El historiador Bermejo le desenmascaró días antes de que hiciera un discurso en Auschwitz con Rodríguez Zapatero. Era un impostor. Sanboyano de ida y vuelta, Marco “un pico de oro” ha fascinado a todos los medios, cineastas y escritores, y como reconoce él mismo, “las mejores mentiras deben tener un poco de verdad”, aún hoy tras ser descubierto, considera de gran utilidad haber mentido para impulsar un fin noble: la memoria histórica en las nuevas generaciones y demuestra poco arrepentimiento

Javier Cercas, el escritor dedicado al post-franquismo residual, ha escrito “El impostor”, basado en Marco. Las revelaciones son jugosas, porque resulta que no fue un deportado, fue un trabajador voluntario en Alemania, tuvo tres familias que se desconocían entre sí, y no fue ni combatiente, ni resistente, simplemente como demuestran los documentos, siguió a la mayoría. Y es en este punto cuando el escritor nos razona sobre el contexto de la muerte en la cama de Franco y el afán de la mayoría de ciudadanos de reinventarse; añadiéndose detalles de opositor político y represaliado a las nuevas biografías de una gran mayoría de dirigentes políticos. ¿Disculpa eso a Marco?

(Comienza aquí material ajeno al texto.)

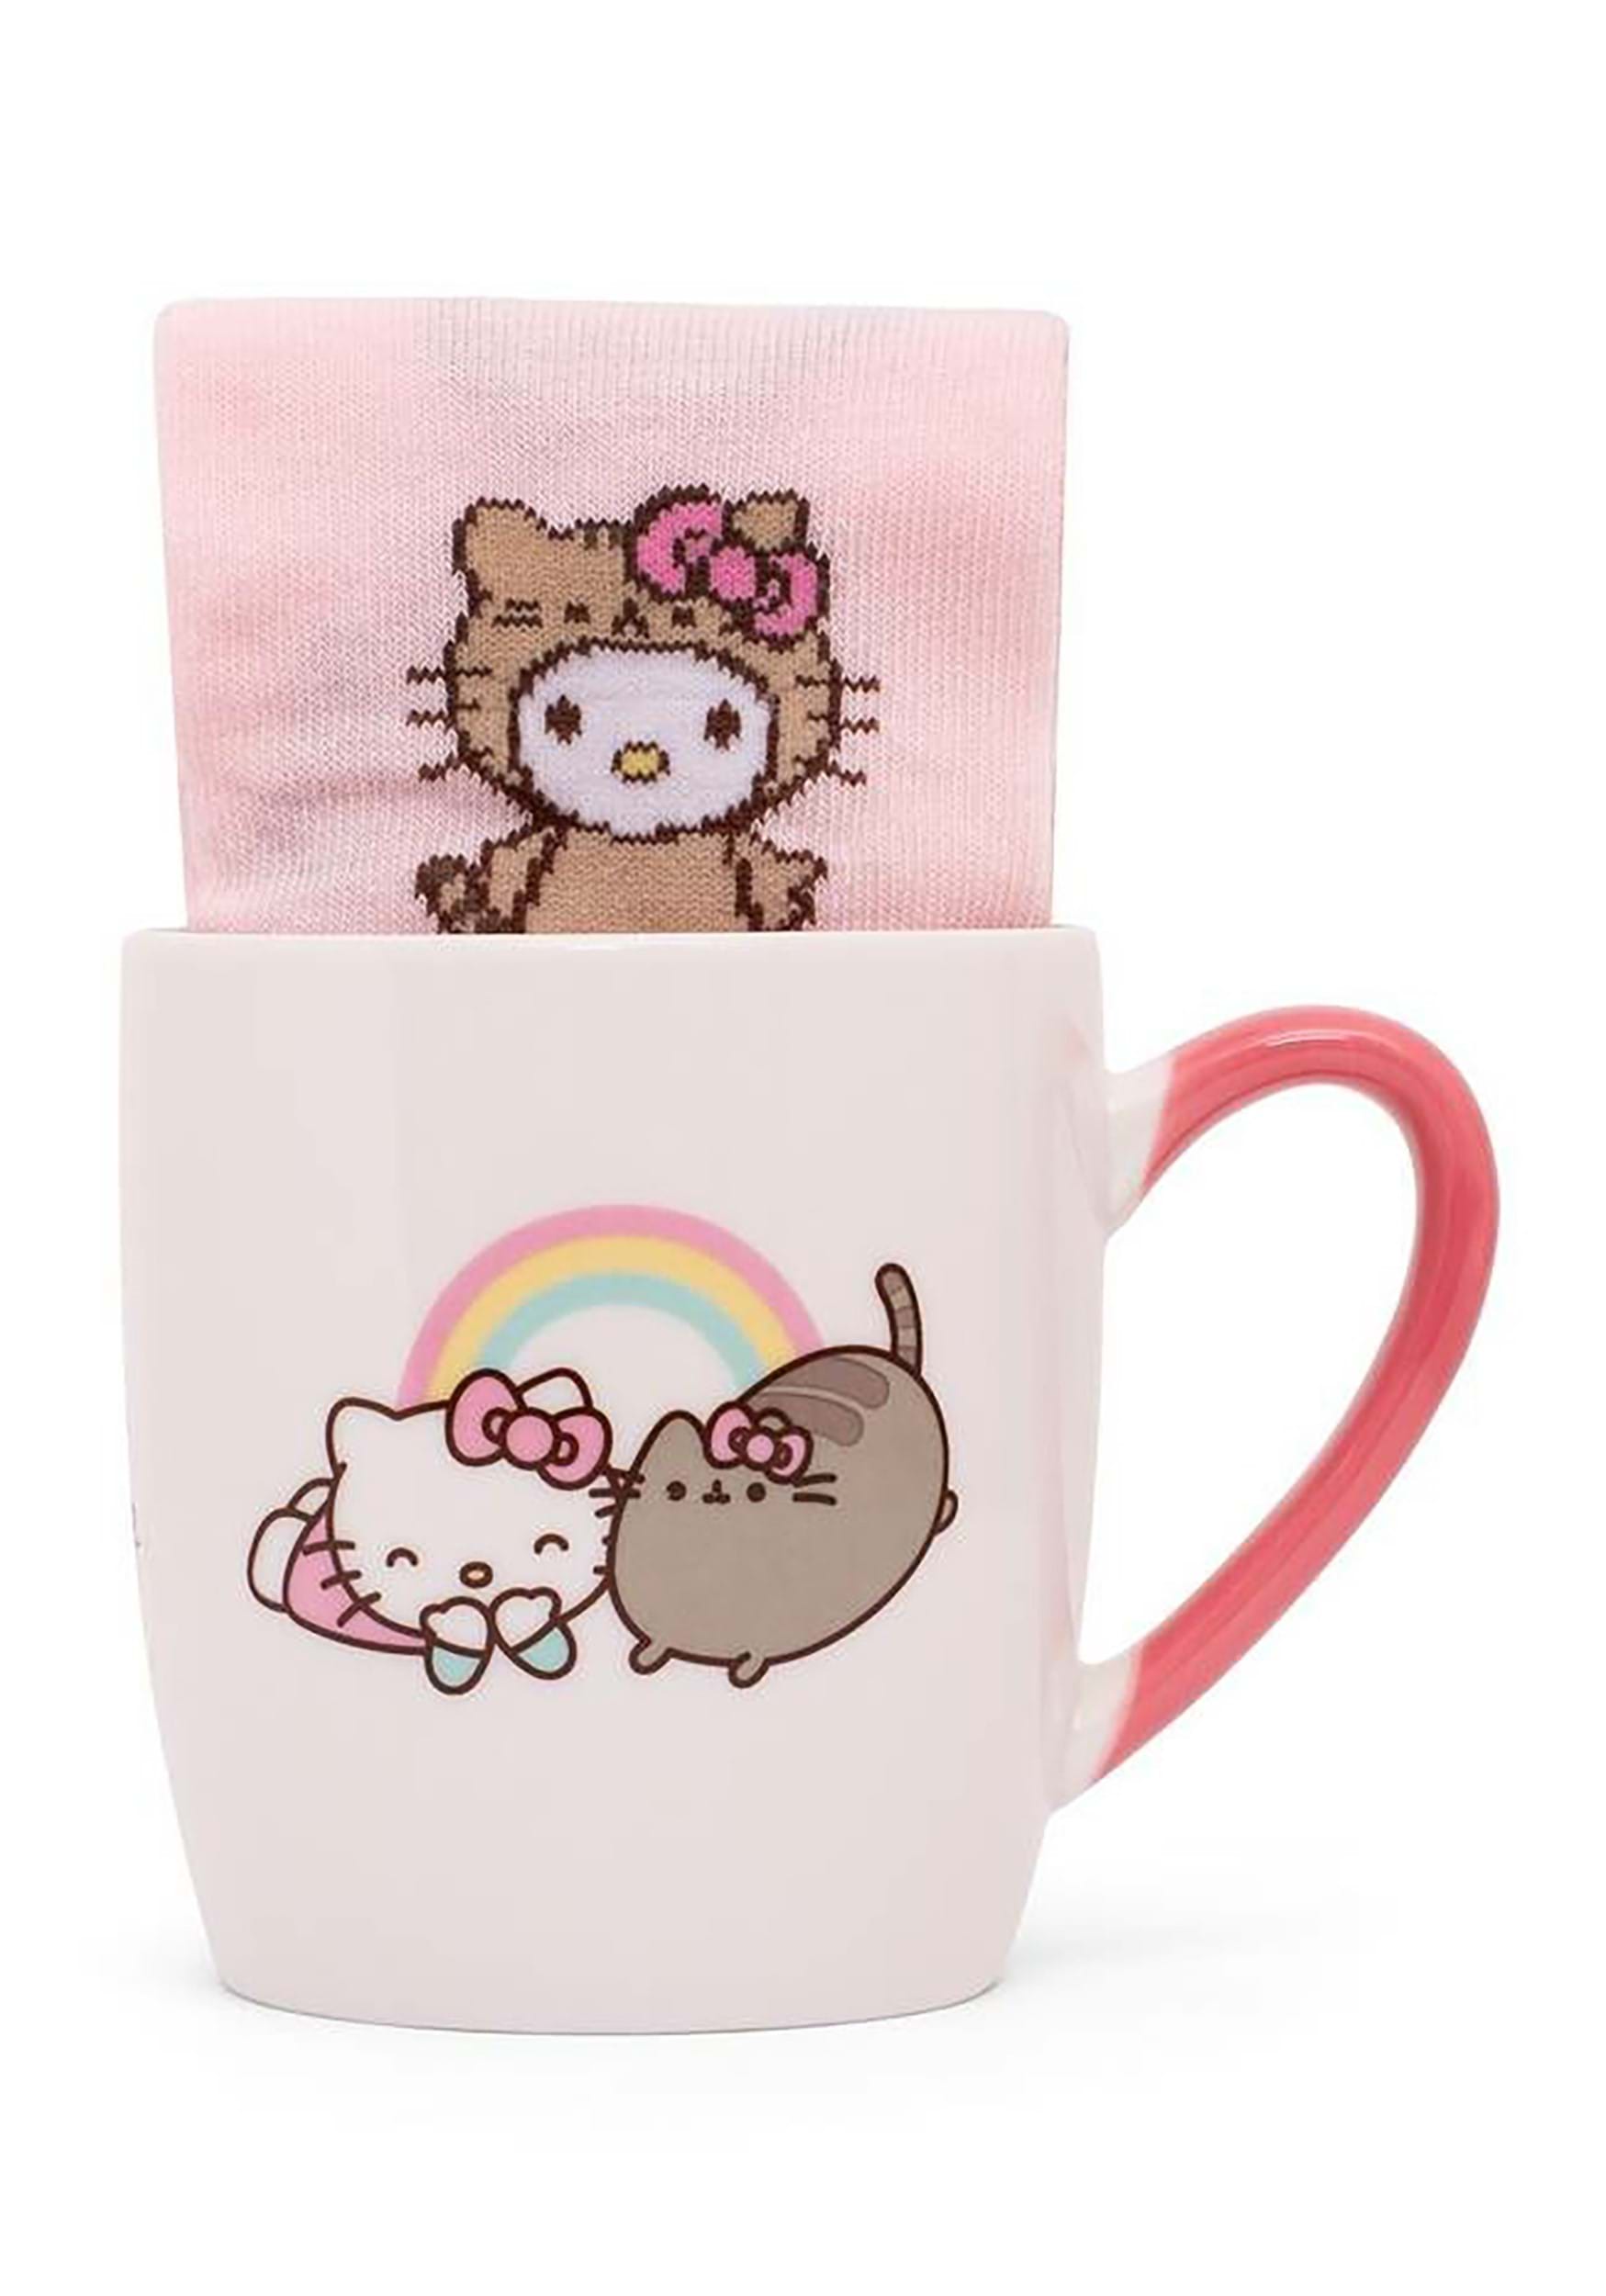 Official & Licensed **NEW** Pusheen Cartoon Cat Character Coffee Tea Mug

No, pero se le entiende mejor. Aunque lo que no se disculpa, usando el eslogan de Marco y tantos otros - “Perdonar sí, olvidar no”-, es que para ingresar en la Amical robara la identidad de un deportado muerto, hasta el punto de modificar con lápiz el apellido Moner por el de Marco en el propio archivo alemán. Inicuo personaje.

Tras Pastor, Marco y muchos más… Vayamos al 1979 donde un concejal comunista sanboyano explicó años después que recibió la propuesta inmediata de cambiar las placas callejeras de un industrial. Hay en toda ocasión histórica, negocios, monumentos, reinvenciones, currículos falsos y personajes turbios.

Hace años se creó una industria de la memoria histórica y toda industria lo que necesita son encargos y tareas. Bueno será que en toda revisión histórica que sea necesaria se obre con tiento y prudencia, porque de lo contrario, negaremos que E. Marco era sanboyano de nacimiento o afirmaremos que Colón era de Palamós.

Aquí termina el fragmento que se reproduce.